上記ビード形態Ba、Bb、Bcのビードを設けた仮成形体の第2成形をシミュレーとし、Da、Ddを計算した結果を、ビードなし、ビード形態B1の計算結果と共に下記に示す。下記の計算結果より、ビードの最高部が仮縦壁部の上端近傍に形成される場合、いずれのビード形態のビードによっても縮み変形を受ける側の仮縦壁部に生じる全体的な膨らみ、局部的な大きな膨らみの発生を抑制することができ、しわの発生を防止することができることが確かめられた。
ビードなし:Da=4.8mm、Dd=1.0mm
ビード形態B1:Da=4.0mm、Dd=0.7mm
ビード形態Ba:Da=4.1mm、Dd=0.8mm
ビード形態Bb:Da=4.1mm、Dd=0.7mm
ビード形態Bc:Da=4.6mm、Dd=0.9mm
上記実施形態では、本発明に係るビードは仮成形体の湾曲外側の仮縦壁部のみに形成したが、ビードの膨らみを仮横壁部や仮フランジ部に延長して形成してもよい。また、上記説明では仮成形体を成形する工程を第1成形工程と、仮成形体から成形目標の湾曲状チャンネル部材を成形する工程を第2成形工程と呼んで説明したが、「第1」、「第2」に特別な意味はなく、もちろん本発明はこれらの二つの成形工程のみからなるものではなく、成形工程内に前記第1、第2成形工程を含んでおれば十分である。また、本発明の成形方法は、しわの発生、形成を抑制するものであるが、同時に縮み変形を受ける仮縦壁部や仮フランジ部の圧縮応力も緩和することができるので、これに起因するねじれなどの変形や寸法精度不良をも抑制することができる。

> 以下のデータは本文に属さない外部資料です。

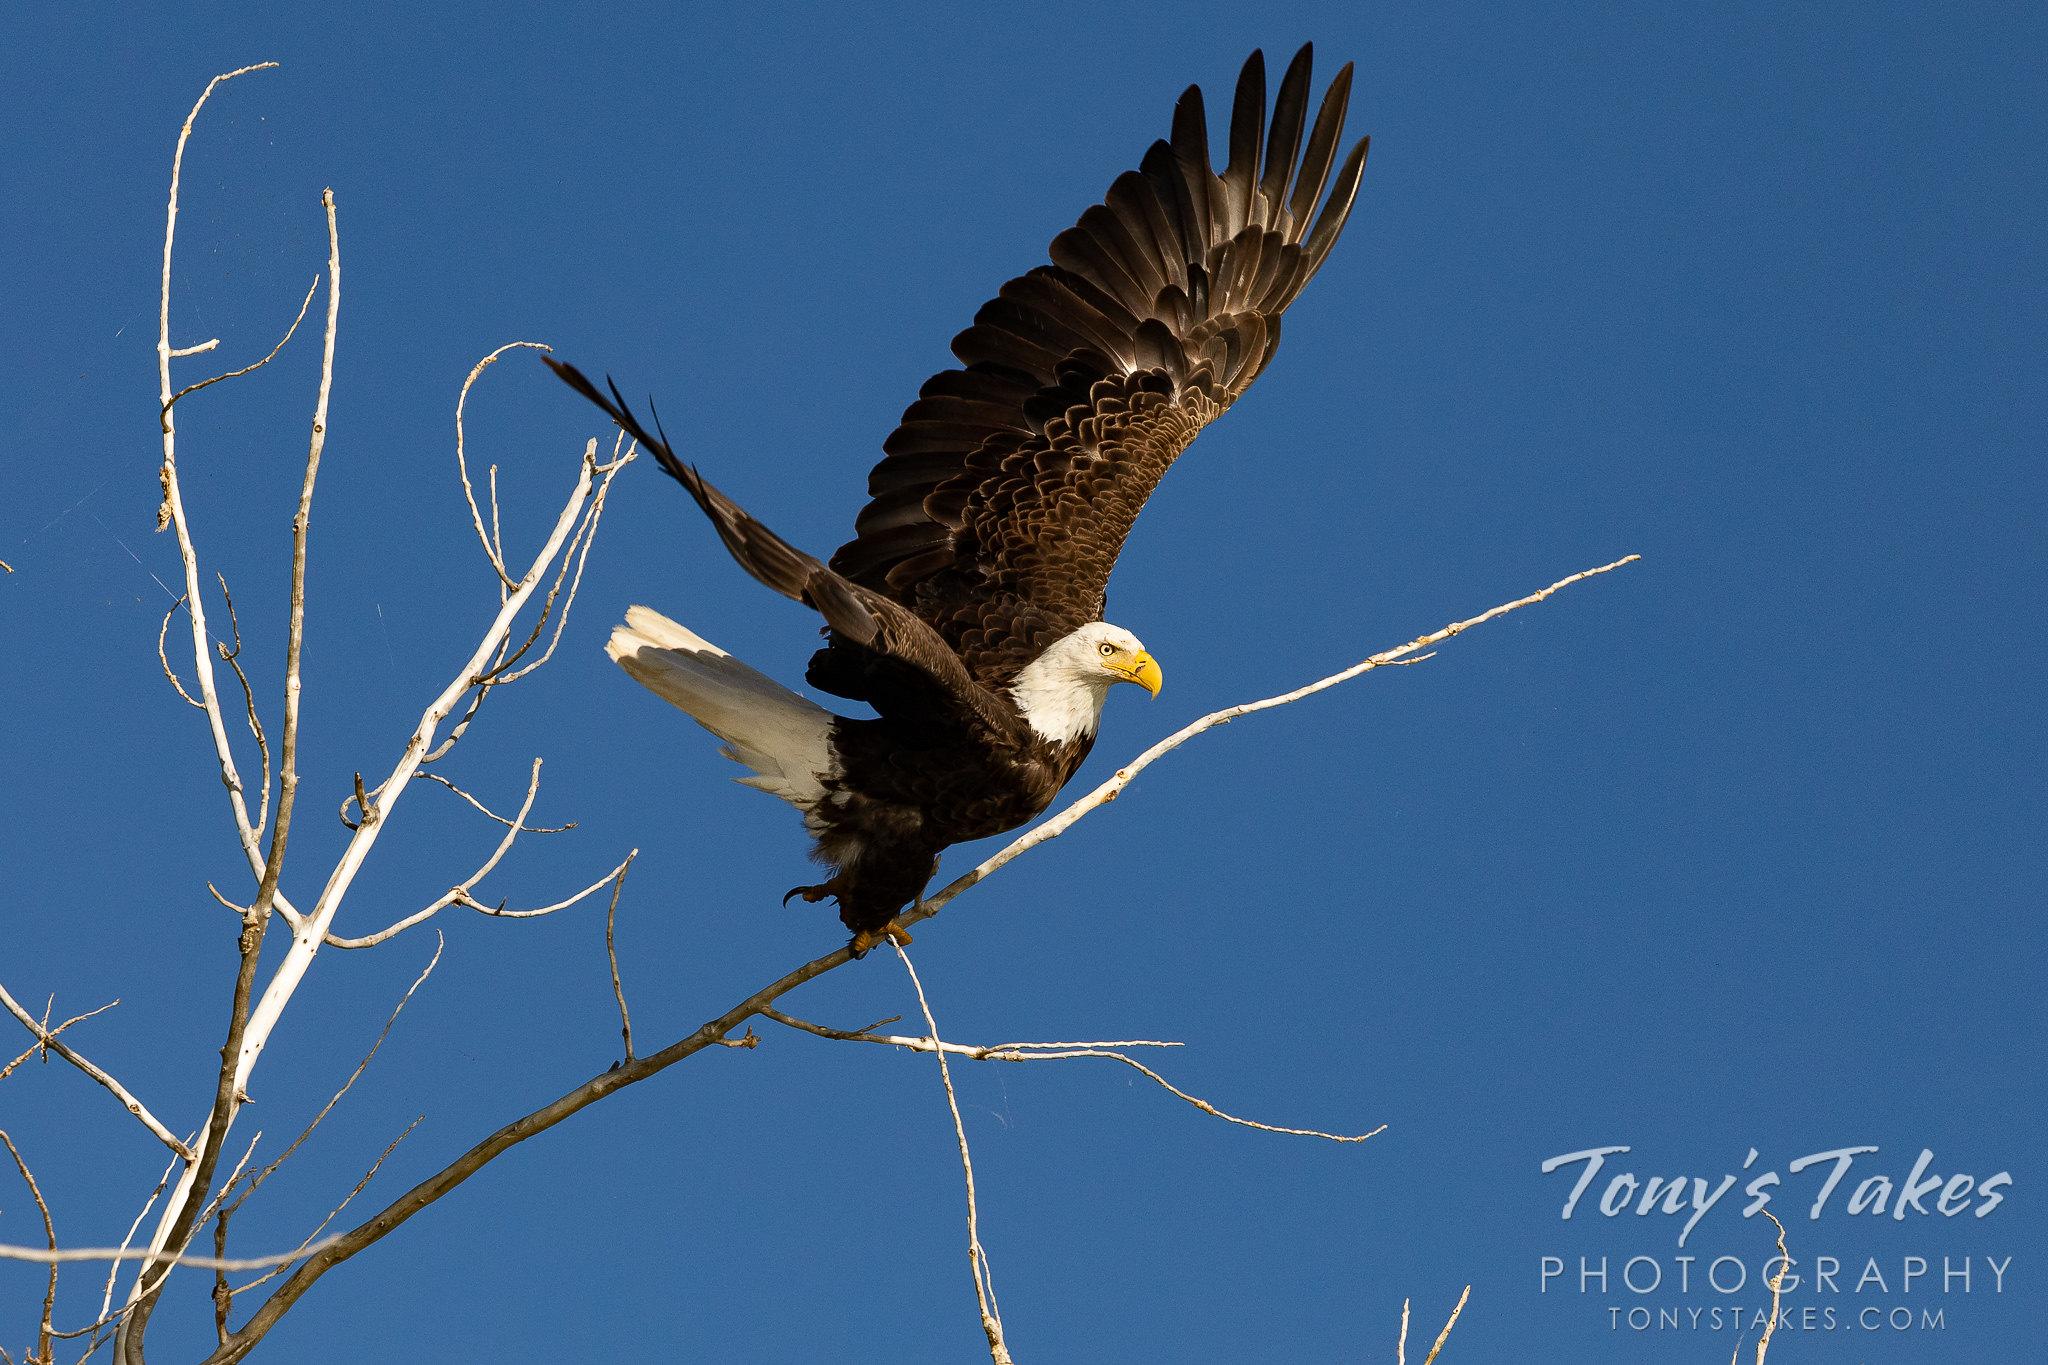 Bald eagle launching into the workweek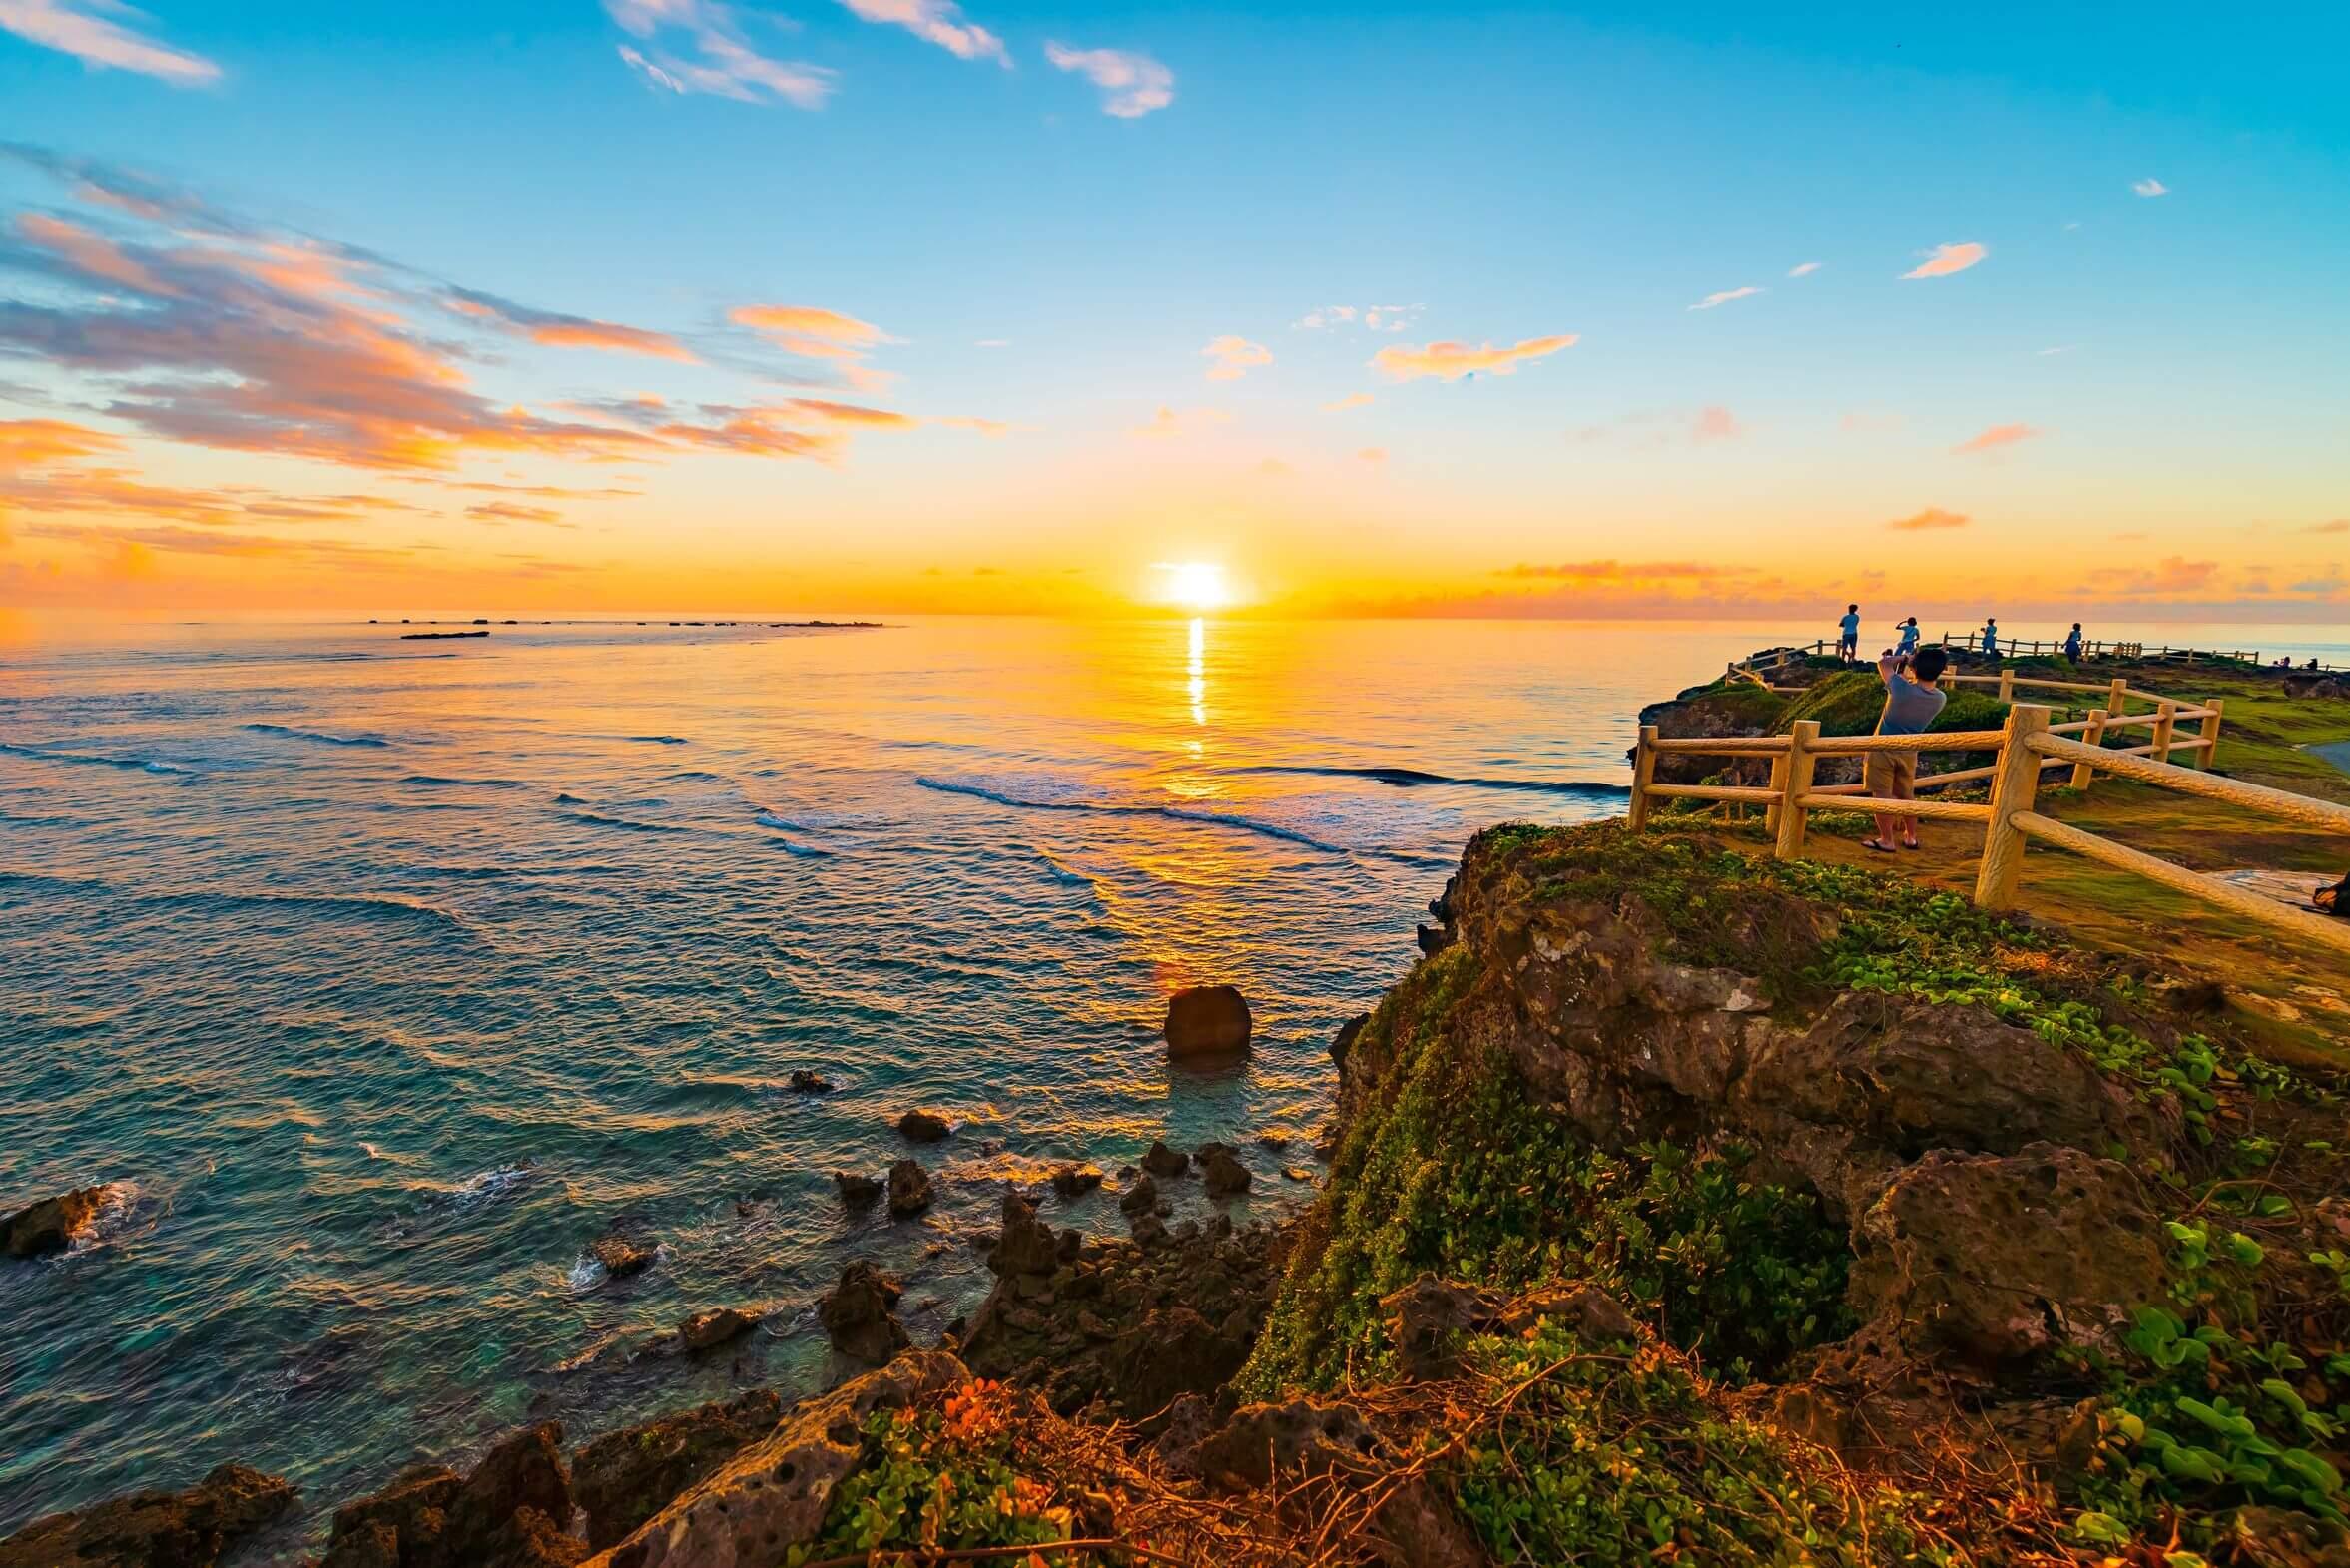 日本冲绳3晚4日,北京直飞,一日自由活动,全程当地四星级酒店,全程无购物,无自费

また、上記実施形態は、複合湾曲状チャンネル部材を対象として説明したが、単純湾曲状チャンネル部材でも同様に本発明を適用することができる。さらに、図28に示すように、湾曲状チャンネル部の断面中心が縦壁部と平行な平面(「縦平面」という。)内で湾曲した複合湾曲状チャンネル部材、単純湾曲状チャンネル部材に対しても本発明を適用することができる。この場合、湾曲状チャンネル部1cの対向する左右の縦壁部12、フランジ部13が縮み変形を受けるため、仮成形体の左右の仮縦壁部に本発明に係るビードを形成すればよく、また図19のβc、βsの角度制御も仮成形体の左右の仮第1曲げ部の曲げ角に適用すればよい。
1c:湾曲状チャンネル部、1s:直線状チャンネル部、11:横壁部、12:縦壁部、13:フランジ部、14:第1曲げ部、15:第2曲げ部、1ca:仮湾曲状チャンネル部、1sa:仮直線状チャンネル部、11a:仮横壁部、12a:仮縦壁部、12oa:湾曲外側の仮縦壁部、13a:仮フランジ部、21:ビード、θpa:第1曲げ部の曲げ角、βc:仮湾曲状チャンネル部の湾曲外側の第1曲げ部の曲げ角、βs:仮直線状チャンネル部の湾曲外側の第1曲げ部の曲げ角

Claims (4)

  1. 横壁部の両側に第1曲げ部を介して縦壁部が形成され、前記縦壁部の他端に第2曲げ部を介してフランジ部が形成された縦断面形状を有し、断面中心線が湾曲状とされた湾曲状チャンネル部を備えた湾曲状チャンネル部材の成形方法であって、
    前記湾曲状チャンネル部材の横壁部、第1曲げ部、縦壁部、第2曲げ部及びフランジ部にそれぞれ対応する仮横壁部、仮第1曲げ部、仮縦壁部、仮第2曲げ部及び仮フランジ部を有し、前記仮横壁部と仮縦壁部とのなす角θpaが前記横壁部と縦壁部とのなす角θpよりも大きく設定された仮成形体を金属素板から曲げ成形する第1成形工程と、
    前記仮成形体から前記湾曲状チャンネル部材を曲げ成形する第2成形工程を備え、
    前記仮成形体は、前記湾曲状チャンネル部に対応した仮湾曲状チャンネル部において縮み変形を受ける側の仮縦壁部に、前記仮縦壁部の仮横壁部側上部から仮フランジ部側下部に沿って前記仮縦壁部の平坦面から外方に膨れたビードが一個又は複数個形成され、前記ビードの仮横壁部側上部が仮フランジ部側下部に対して前記平坦面からの高さが高く形成された、湾曲状チャンネル部材の成形方法。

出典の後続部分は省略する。